Meet Yu Xu, a 2022 Datanami Particular person to Watch


    Graph databases are one of many quickest rising applied sciences in huge information immediately, and one of many quickest rising graph database distributors is TigerGraph, which is headed by Yu Xu, one in all Datanami‘s Individuals to Look ahead to 2022.

    TigerGraph founder and CEO Yu Xu isn’t any stranger to the challenges of constructing distributed computational engines. After getting his PhD in distributed databases from UC San Diego, he headed up the street to Teradata, the place he led the MPP (massively parallel processing) database workforce. Then Xu headed off to Twitter, the place he helped constructed the social media firm’s distributed information infrastructure.

    In 2017, Xu based TigerGraph, which has grown into one of many main suppliers of graph databases. Earlier this 12 months, Xu discovered time to reply a number of questions from Datanami about his firm and being named a Particular person to Look ahead to 2022:

    Datanami: Scale and efficiency have been TigerGraph’s calling playing cards because the firm burst upon the graph database scene a number of years in the past. Are these traits nonetheless resonating with prospects immediately?

    Xu: Sure. Enterprises proceed to build up extra information and need to achieve deeper perception from their information. Scale and efficiency for superior analytics are nonetheless critically vital for enterprises to make well timed and higher knowledgeable enterprise choices.

    Graph databases have been round for years. What’s stopping organizations from utilizing them extra extensively?

    Graph momentum is little doubt accelerating. Gartner predicts that 80% of enterprises will use graph databases in 2025, a 7X progress. Up to now, earlier generations of graph databases didn’t scale to huge datasets or carry out for superior analytics.

    It is a huge cause why firms aren’t utilizing graphs extensively. For instance, many TigerGraph prospects – reminiscent of UnitedHealth Group and a number of the largest banks – weren’t new to graph. They’d been utilizing graph options for fairly some time earlier than TigerGraph. The distinction? TigerGraph enabled them to ingest their greatest datasets to get the utmost question efficiency wanted (that was in any other case unattainable with earlier generations of graph databases).

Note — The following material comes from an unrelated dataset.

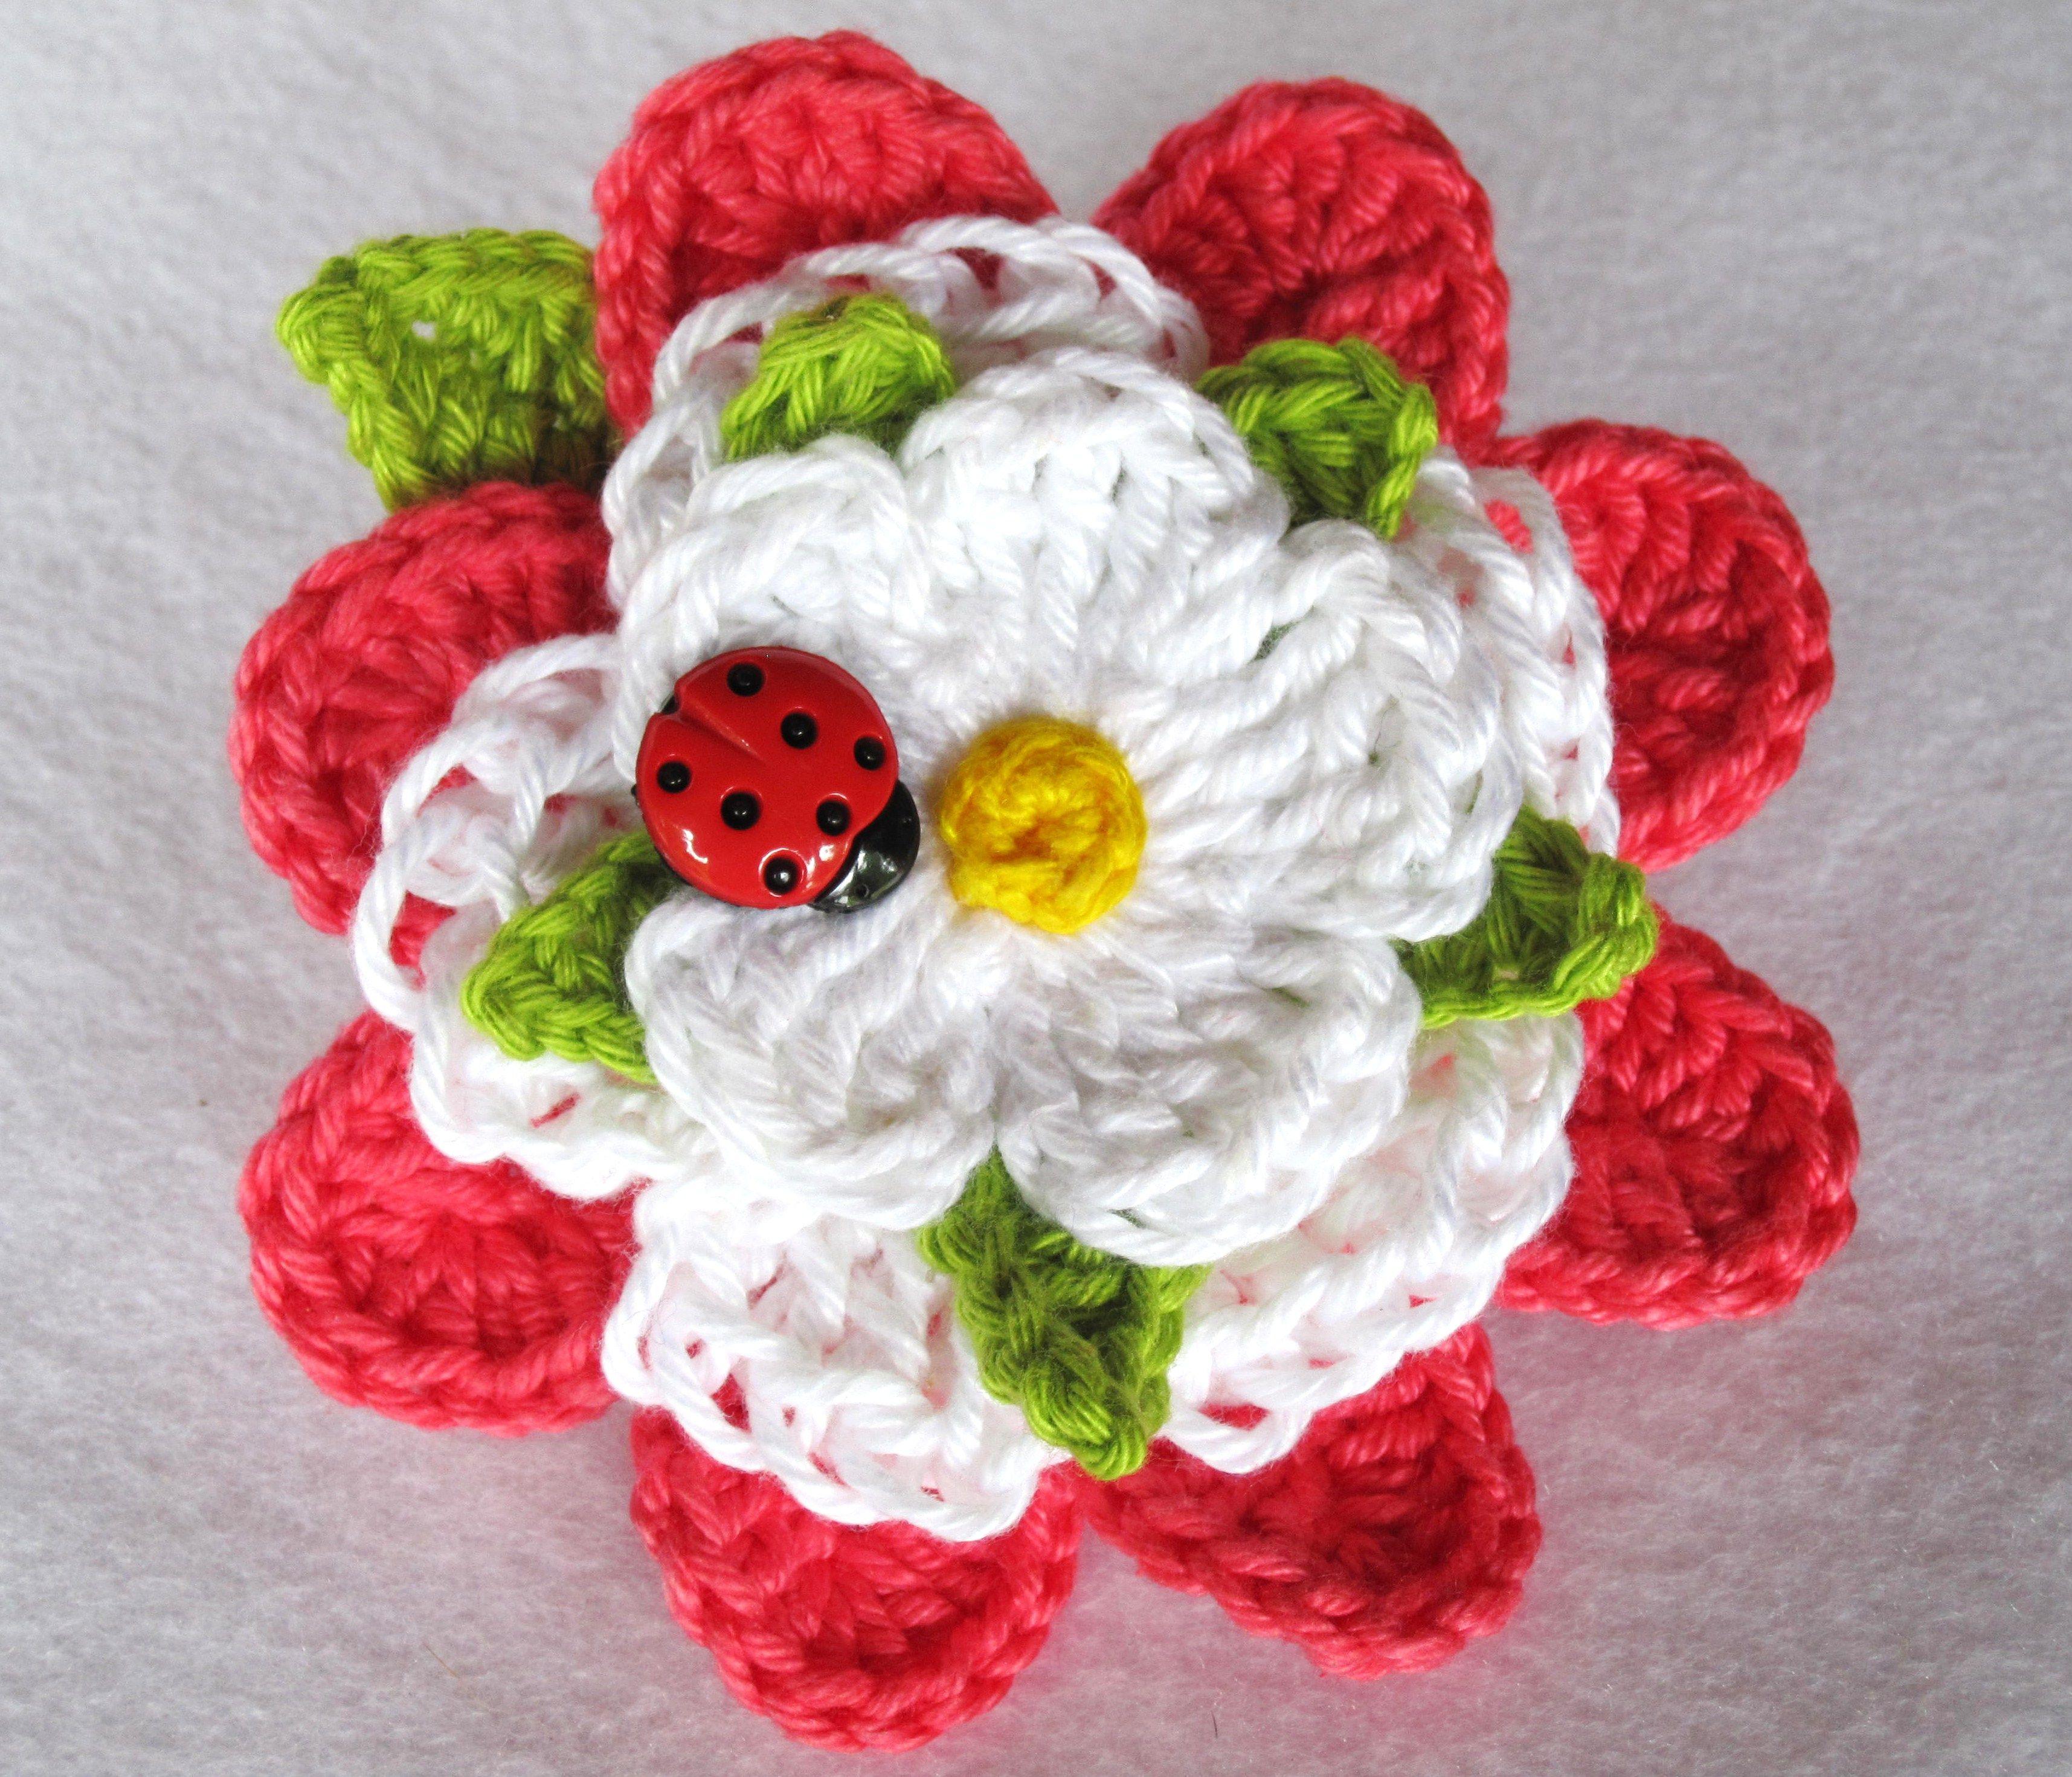 Crochet Love this! | FLOWERS | Pinterest | Haken, Häckeln und Häkeln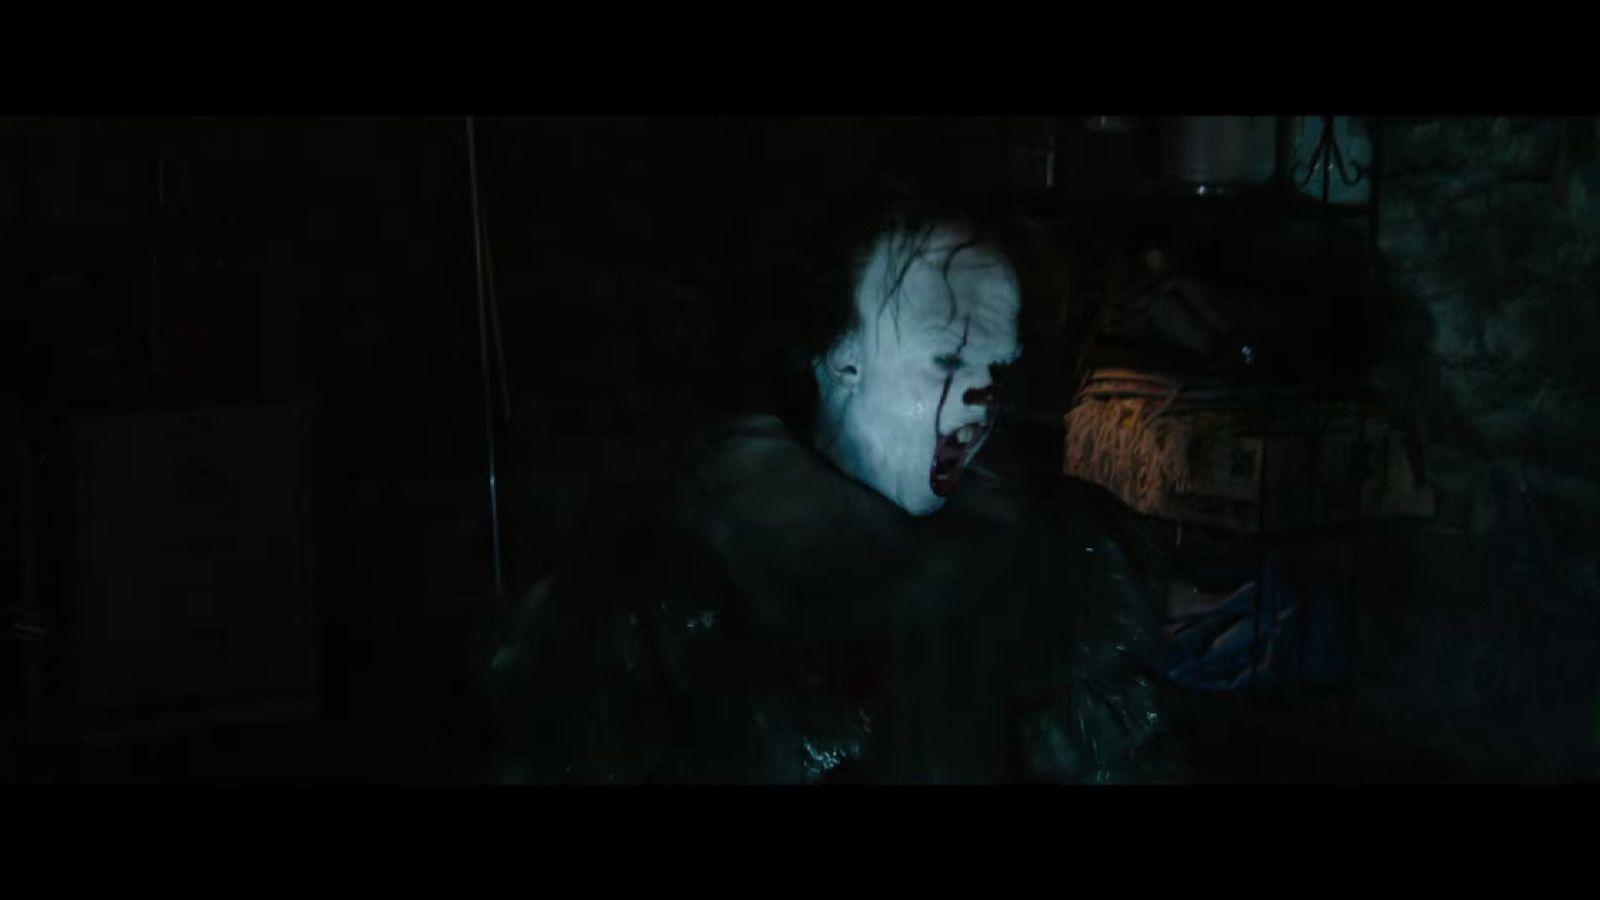 Wallpaper It Clown Bill Skarsgard Horror 2017 Hd: Trailer For Stephen King's It Slammed As 'disgusting' By

    Since TigerGraph launched out of stealth about three years in the past, we now have been serving to such prospects to show their PoCs/ demos to manufacturing, and enabling them to leverage the complete advantages of graph for extra use instances, throughout bigger groups. These prospects have gained monumental enterprise worth.

    One other factor could be the shortage of standardization of a graph question language. A graph database is probably the most highly effective database (when it comes to expressiveness) which additionally means graph question languages are versatile and have superior options not out there in different database languages.

    Lack of standardization slows down graph adoption, however that is going to vary quickly! ISO, which standardized SQL for RDBMS about 40 years in the past, goes to launch a global graph language named GQL in about 18 months. My workforce at TigerGraph has been working with different firms on the ISO committees to verify GQL is highly effective, straightforward to make use of, and just like SQL. We’re excited to share extra within the coming months.

    What do you hope to see from the graph information group within the coming 12 months?

    We’re seeing thrilling progressions in relation to utilizing {hardware} to speed up graph analytics, particularly because it pertains to methods graph algorithms are intensively computing to unleash deeper insights. TigerGraph is working intently with Xilinx and Intel on {hardware} accelerated graph analytics. We hope to see extra improvements on this area.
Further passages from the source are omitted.